Copper Foam as Active Catalysts for the Borylation of α, β-Unsaturated Compounds

Abstract

The use of simple, inexpensive, and efficient methods to construct carbon–boron and carbon–oxygen bonds has been a hot research topic in organic synthesis. We demonstrated that the desired β-boronic acid products can be obtained under mild conditions using copper foam as an efficient heterogeneous catalyst. The structure of copper foam before and after the reaction was investigated by polarized light microscopy (PM), scanning electron microscopy (SEM), and transmission electron microscopy (TEM), and the results have shown that the structure of the catalyst copper foam remained unchanged before and after the reaction. The XPS test results showed that the Cu(0) content increased after the reaction, indicating that copper may be involved in the boron addition reaction. The specific optimization conditions were as follows: CH₃COCH₃ and H₂O were used as mixed solvents, 4-methoxychalcone was used as the raw material, 8 mg of catalyst was used and the reaction was carried out at room temperature and under air for 10 h.
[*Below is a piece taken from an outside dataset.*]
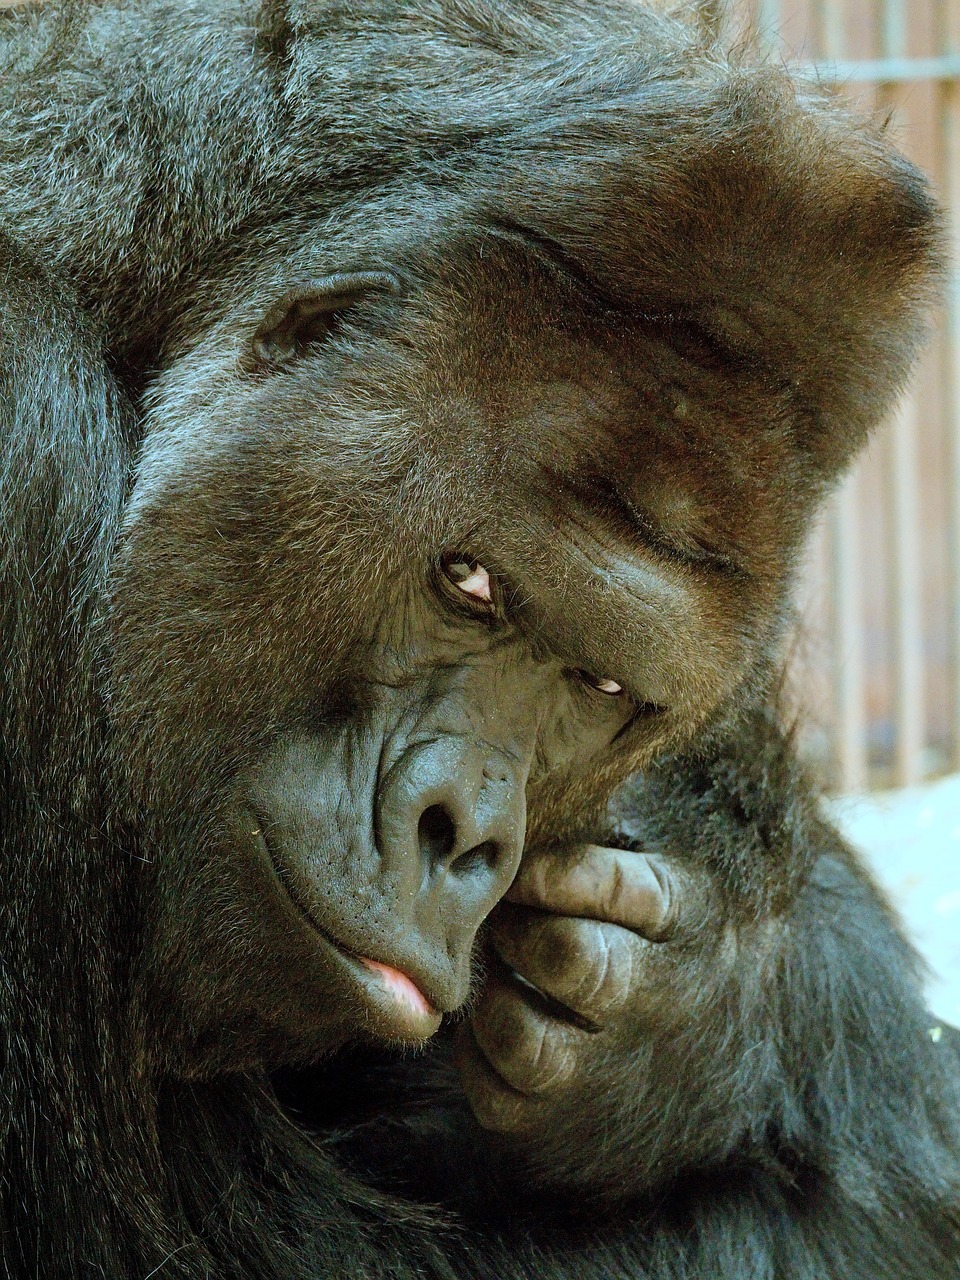 richard  gorilla  animal free photo
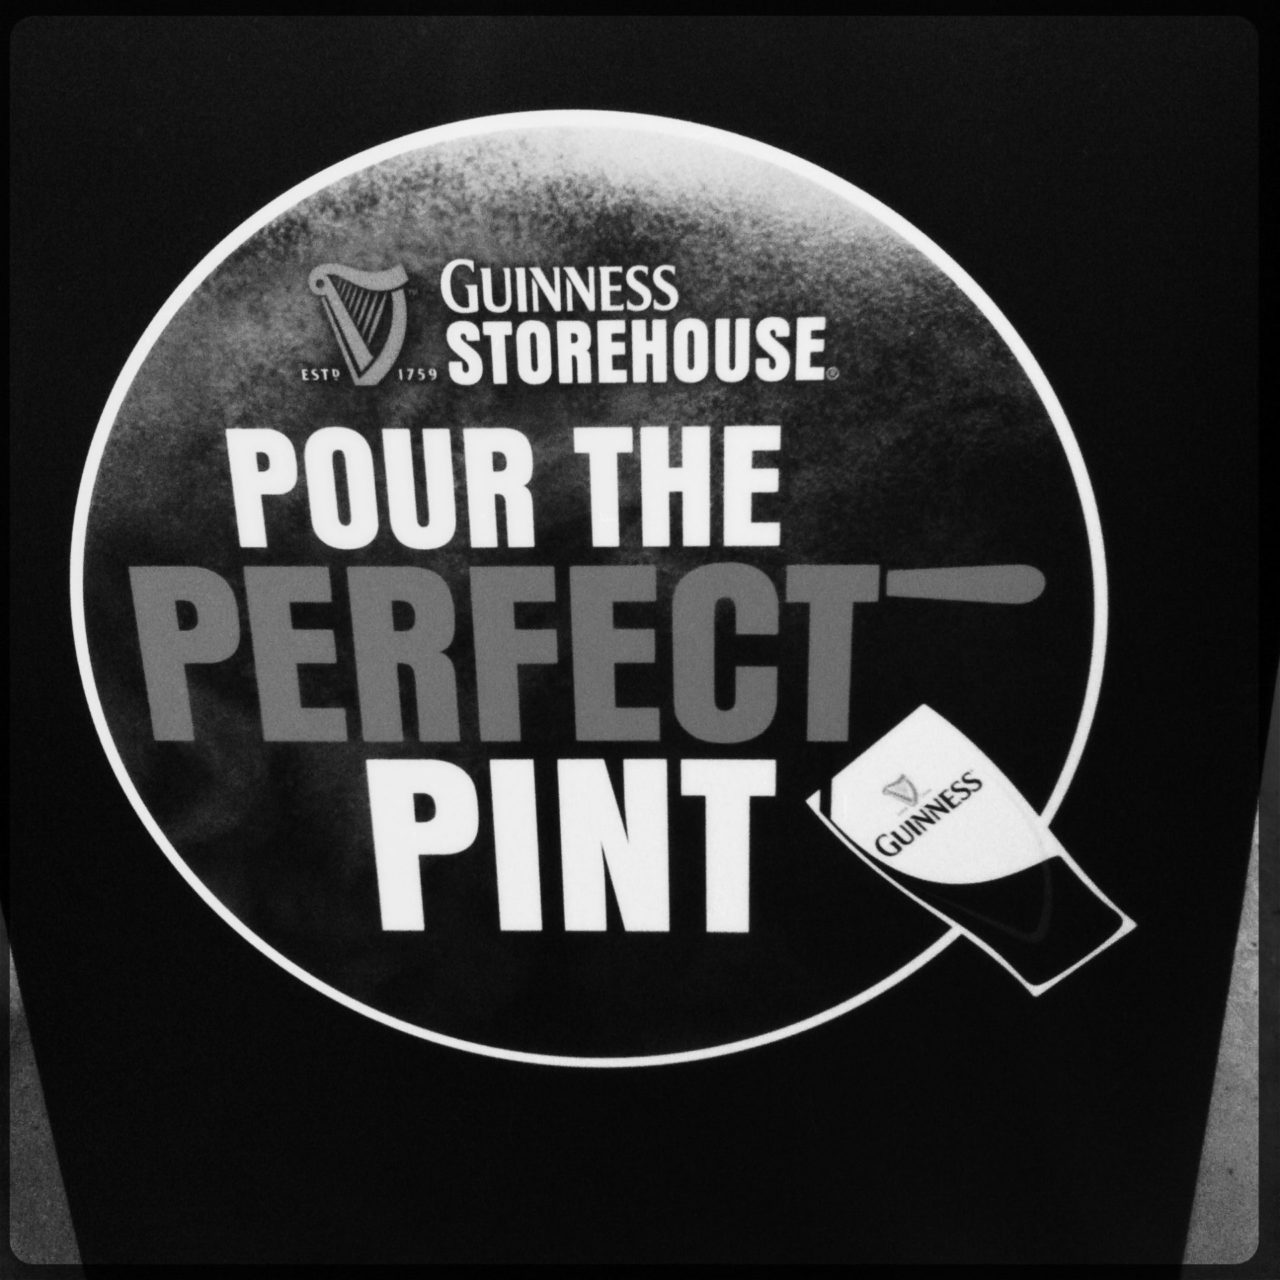 Werbeschild mit der Aufschrift Pour the Perfect Pint im Guinness Storehouse in Dublin

The yield of the product obtained was up to 92%, and the catalytic efficiency of the catalytic material remained largely unchanged after five cycles of use.

1. Introduction

The addition reaction of diborons with olefin is an effective method to obtain organoboron compounds [1,2,3]. Organoboronic acid compounds are important intermediates in drug molecules and organic synthesis, where C-B bonds could be converted into C-C, C-H, and C-O bonds by simple reactions [4,5,6]. Therefore, the efficient construction of carbon–boron bonds, especially the synthesis of chiral organoboronic acid compounds, has been a hot topic of interest for researchers.

Current methods for the synthesis of C-B bonds include C-X bond boronization [7], C-H bond boronization [8], C-O bond boronization [9], and addition boronization of olefins [10,11,12,13]. Of them, addition boronization of olefins has received a lot of attention from organic chemists, due to the easy source of olefin reaction substrates and the variety of reaction types. Earlier studies used simple olefins as substrates and catecholborane as a monofunctional borohydride reagent to construct C-B bonds. The first rhodium-catalyzed olefin addition reaction was reported by Mannig et al. [14] in 1985. Burgess et al. [15,16,17] subsequently investigated rhodium-based catalytic systems for the asymmetric borohydration of olefins and obtained olefin boron addition products by the addition of chiral ligands with an enantioselectivity of up to 76%. Compared to simple olefins, a, β-unsaturated compounds are more reactive and could be used as substrates to selectively form C-B bonds at the β-position, so methods [18,19,20,21,22,23] to achieve conjugated boron addition reactions via a, β-unsaturated compounds have been developed successively. Transition metals such as rhodium [24,25], palladium [26,27], platinum [28,29], nickel [30,31] and copper [32,33] are mostly used as catalysts. The use of copper salts or copper complexes as catalysts will greatly reduce the cost of the reaction and therefore have an important place in the conjugation borylation of α, β-unsaturated compounds.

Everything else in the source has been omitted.